No one has established how long the Place was there before being discovered. Protected by its own remoteness, and the sparse population of the Rifleman Mountains, the Place had its first verifiable appearance on a day in November 1886 when a young violinist named Tziga Hame disappeared from a coach traveling between the village of Doorhandle and Sisters Beach.

rangers
Employees of the
DREAM REGULATORY BODY
, rangers patrol
THE PLACE
, maintain its trails, and perform search and rescue when necessary. Rangers are those who find that, although they can enter the Place, they can’t catch dreams.

Soporif
Anyone who is close to a Soporif
DREAMHUNTER
when he falls asleep will fall asleep with him. Soporifs often work in hospitals, enhancing the effects of anesthetics. For example, Soporifs can be helpful by entering the operating room before the surgeons and their assistants and lying down
near the prepared patient.
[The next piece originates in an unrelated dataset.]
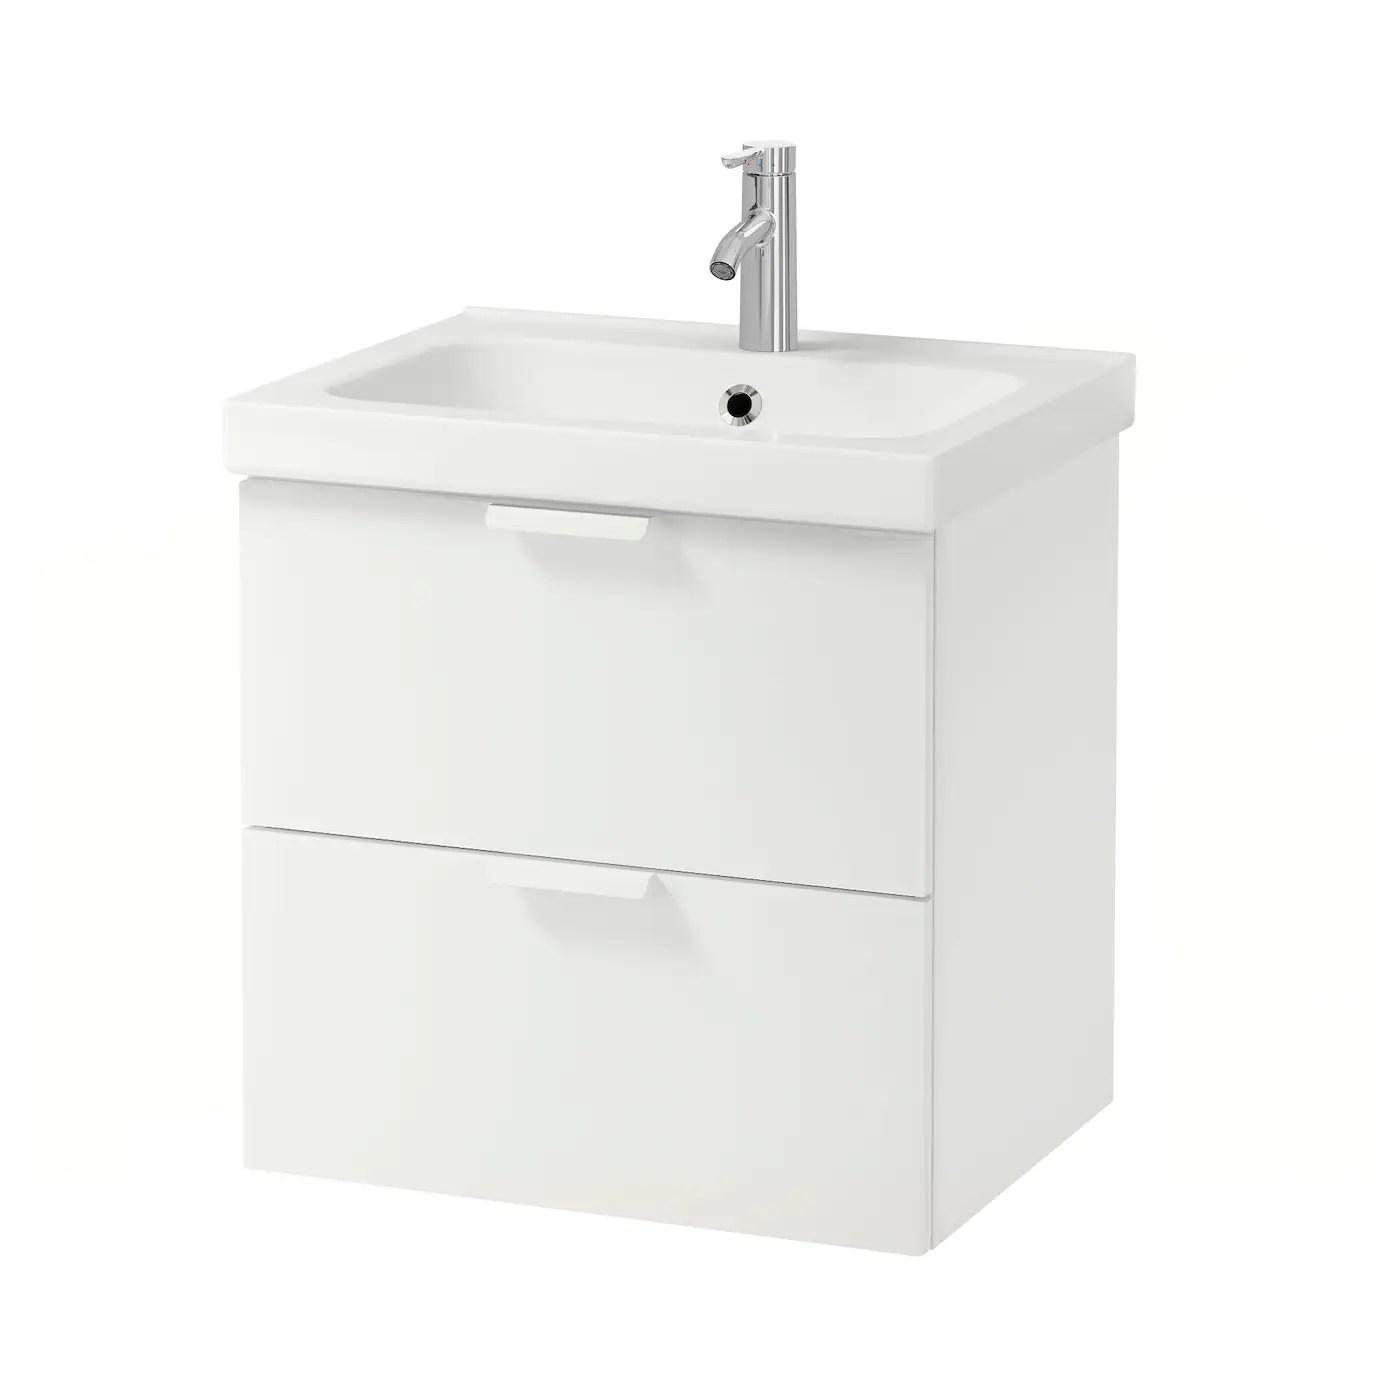 godmorgon odensvik meuble lavabo 2tir blanc dalskar mitigeur lavabo 63x49x64 cm

George Mason is Southland’s best Soporif.

split dream
A dream that has two points of view is a split dream. Only a
NOVELIST
will be able to catch both points of view at the same time and deliver them to the audience. Examples of split dreams are Homecoming, the Second Sentence / Sunken, and Grace Tiebold’s famous first split dream, Pursuit.

Think Again dream
A dream classified by the Department of Corrections as a
DREAM FOR THE PUBLIC GOOD
and used for educating and rehabilitating prisoners is a Think Again dream.

Try
Twice a year, in the fall and spring, the
DREAM REGULATORY BODY
holds Tries, at which people, the majority of them teenagers, attempt to enter
THE PLACE.
Only one person in three hundred will cross over into the Place.

Wakeful
A purple-red fibrous paste, Wakeful is a powerful stimulant with a pleasant perfume. It is dangerous if used for too long or in large doses.
DREAMHUNTERS
often chew Wakeful to stay awake when they have walked days into
THE PLACE
to catch a dream they don’t want to waste before they have an audience.